Update (January 25, 2021) My Raspberry Pi powered webcam is now showing the Jordan Park Neighborhood in San Francisco, California. The Raspberry Pi Model B, Rev 2 is using the Raspberry Pi High Quality Camera (with the Raspberry Pi HQ Camera Lens – 6mm Wide Angle) and is running Motion (pi_buster_motion_4.3.2-1_armhf). Details to follow.
(Original post) I built a streaming webcam showing the view from my downtown Oakland apartment in November 2012. I used a Raspberry Pi (Model B Revision 1.0) and the Raspian Wheezy (2012-10-28) image. For the webcam/web server software, I used MJPG-streamer. The problem with MJPG-streamer is that if the images/stream is available on the internet, then anyone can access the software.

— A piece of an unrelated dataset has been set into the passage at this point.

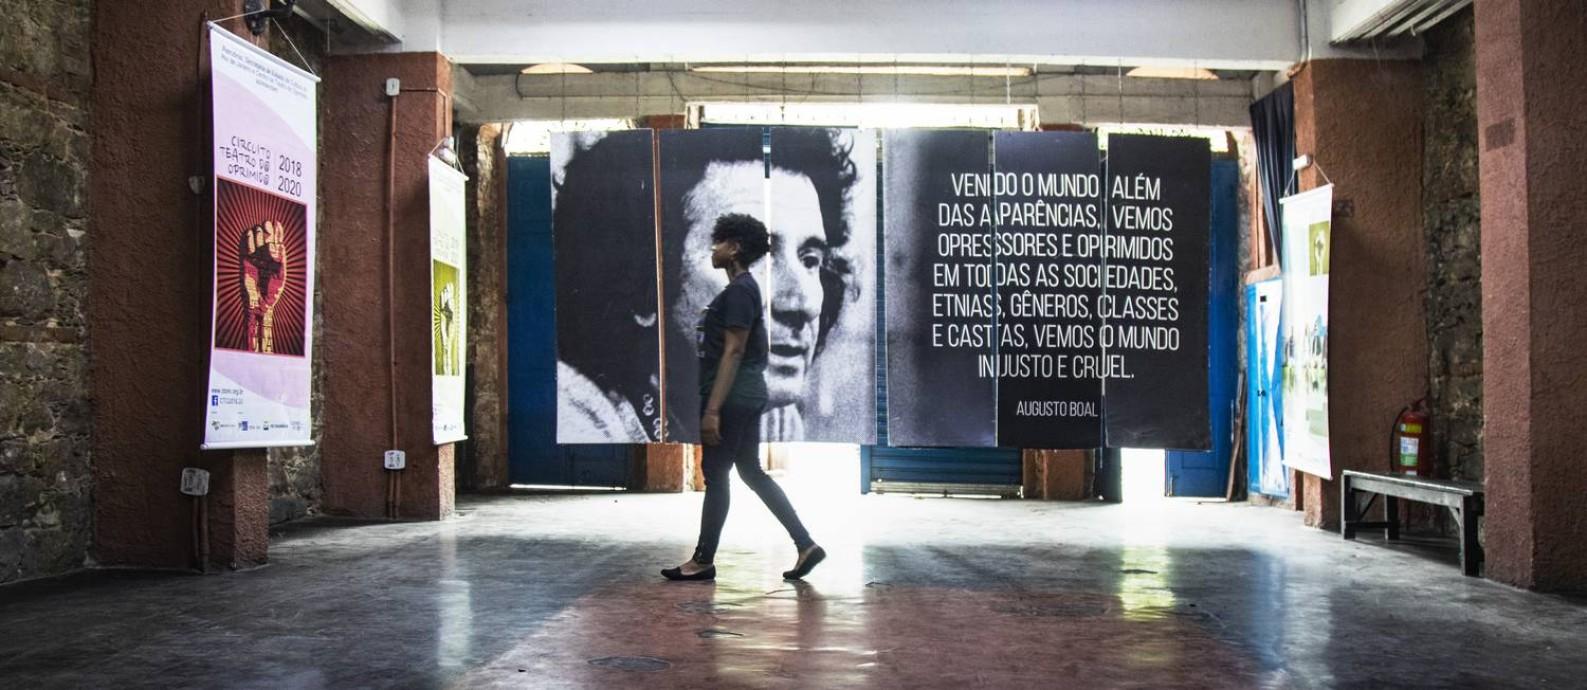 A pedagoga e 'curinga' Maiara Caravlho, no interior do Centro do Teatro do Oprimido, na Lapa Foto: Ana Branco/Agência O Globo

Recently my Raspberry Pi began to lose the WiFi connection. In researching various solutions, I disabled WiFi power management on the Edimax EW-7811Un nano-size USB WiFi adapter. That didn’t solve the problem. I switched to Ethernet but the connection still dropped.
I found a nice script for “Rebooting the Raspberry Pi when it loses wireless connection“. It’s a script that runs in crontab and checks for a network connection by pinging a local address. If the ping fails, it restarts wlan0.
The checkwifi.sh script worked great, but then I had an issue with the video stream image oscillating. The image would continually go between light and dark and the only way to stop it was to restart MJPG-streamer.
I decided to update to the current Raspbian Jessie with Pixel and some other webcam software. The Motion-Project seemed not to difficult – I could use it as a streaming webcam. I decided to use Motion 4.0 and Kenneth Lavrsen’s Motion 4.0 Guide to help set it up. I don’t know if the image oscillation is an issue caused by using the Creative Live! Cam Chat HD (auto exposure?) but this current setup seems to have resolved the issue.